Spark2.4 基本RDD的Transform 操作总结

本篇博客涉及代码已经全部上传至github,需要可自行下载:

项目github链接

    本篇文章主要内容如下:

一. 环境准备

1. spark2.4.2(19年4月23日最新版本)

2. scala2.11+

3. pom.xml导入相关依赖,如下:

    <dependencies>
        <dependency>
            <groupId>org.scala-lang</groupId>
            <artifactId>scala-library</artifactId>
            <version>2.11.0</version>
        </dependency>
        <!-- https://mvnrepository.com/artifact/org.apache.spark/spark-core -->
        <dependency>
            <groupId>org.apache.spark</groupId>
            <artifactId>spark-core_2.11</artifactId>
            <version>2.4.2</version>
        </dependency>
    </dependencies>
二.必要的初始化
1. 初始化SparkContext上下文以及后续transform操作需要用到的RDD
  • java
        SparkConf sparkConf = new SparkConf();
        sparkConf.setAppName("transform rdd test");
        sparkConf.setMaster("local[2]");
        JavaSparkContext jsc = new JavaSparkContext(sparkConf);
        JavaRDD<Integer> javaRDD1 = jsc.parallelize(Arrays.asList(1,2,2,3,4,5,6,7,8,9));
        JavaRDD<Integer> javaRDD2 = jsc.parallelize(Arrays.asList(2,4,6,8,10));
        JavaRDD<String> javaRDD3 = jsc.parallelize(Arrays.asList("1,3,5,7,9","2,4,6,8,10"));
  • scala
    val sparkConf = new SparkConf().setMaster("local").setAppName("transform rdd test scala")
    val sparkContext = new SparkContext(sparkConf)
    val scalaRDD1 = sparkContext.parallelize(List(1, 2, 2, 3, 4, 5, 6, 7, 8, 9))
    val scalaRDD2 = sparkContext.parallelize(List(2, 4, 6, 8, 10))
    val scalaRDD3 = sparkContext.parallelize(List("1,3,5,7,9", "2,4,6,8,10"))
2. 提供一个方法,在得到transform rdd的时候调用,目的是为了输出rdd的值,供我们验证结果
  • java
    private static void resultCollect(JavaRDD filter) {
        List collect = filter.collect();
        for (int i = 0; i < collect.size(); i++) {
            System.out.print(collect.get(i) + " ");
        }
        System.out.println();
    }
  • scala
  def resultCollect(rdd: RDD[Int]) = {
    val results = rdd.collect()
    for (i <- 0 to results.size - 1) {
        print(results(i) +" ")
    }
  }
三. 基本RDD的transform操作总结
  • Transform操作简介

    Transform操作是返回一个新的RDD的操作,比如map()和filter().调用转换操作时,不会立即执行.Spark会在内部记录下索要求执行的操作的相关信息,直到action操作触发时,才开始执行真正的计算.

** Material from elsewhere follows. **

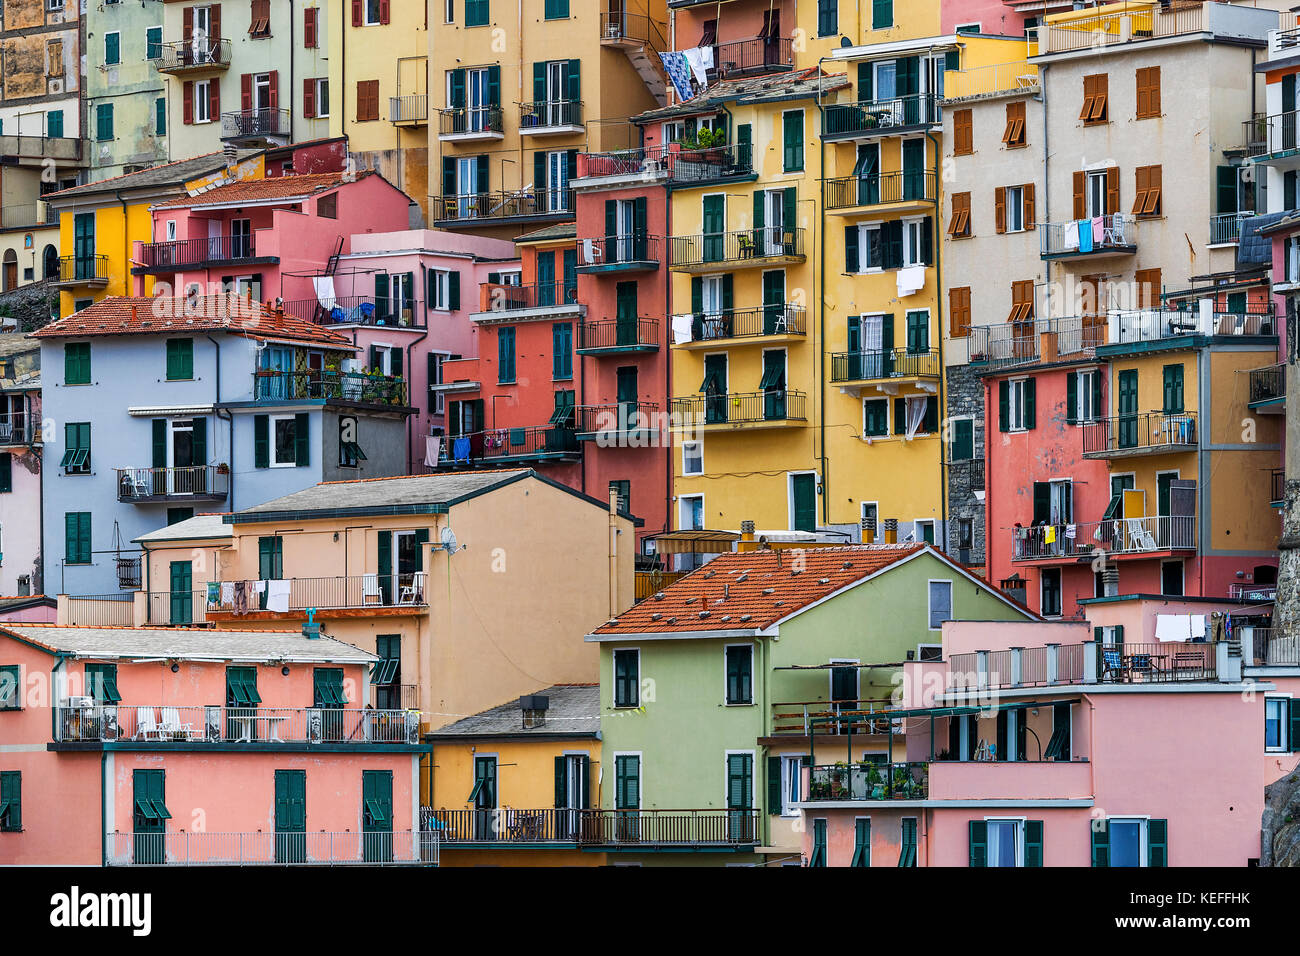 Architecture de charme dans le village de Manarola, Cinque Terre, ligurie, italie. Banque D'Images

下面,使用scala和java两种语言介绍具体的transfrom操作,涉及到的所有代码全部经过测试,请放心使用~

  • map

    map: 将函数应用于RDD中的每一个元素,每个元素对应于一个结果,将返回的结果值构成新的RDD
    案例 : 将RDD的元素 * 2 之后输出
    
java
        JavaRDD<Integer> map = javaRDD.map(new Function<Integer, Integer>() {
            public Integer call(Integer i) throws Exception {
                return i * 2;
            }
        });
scala
val rdd = rddScala.map(i => i * 2)

输出结果: 2 4 4 6 8 10 12 14 16 18

  • filter

    filter: 对RDD的数据进行过滤,返回符合条件的值组成的RDD
    案例 : 过滤出RDD中的奇数
    
java
        JavaRDD<Integer> filter = javaRDD1.filter(new Function<Integer, Boolean>() {
            public Boolean call(Integer integer) throws Exception {
                return integer % 2 != 0;
            }
        });

scala
val filter = rddScala.filter(i => i % 2 != 0)

输出结果: 1 3 5 7 9

  • flatMap

    flatMap: 原RDD中的每一个元素,对应于新RDD里面的一个迭代器
    案例 : 将RDD的每个字符串按照逗号进行分割,输出结果
    
java
        JavaRDD<String> javaRDD = javaRDD3.flatMap(new FlatMapFunction<String, String>() {
            public Iterator<String> call(String s) throws Exception {
                String[] strings = s.split(",");
                List<String> list = new ArrayList<String>(Arrays.asList(strings));
                return list.iterator();
            }
        });

scala
val flatMapRdd = rddScala3.flatMap(str => str.split(","))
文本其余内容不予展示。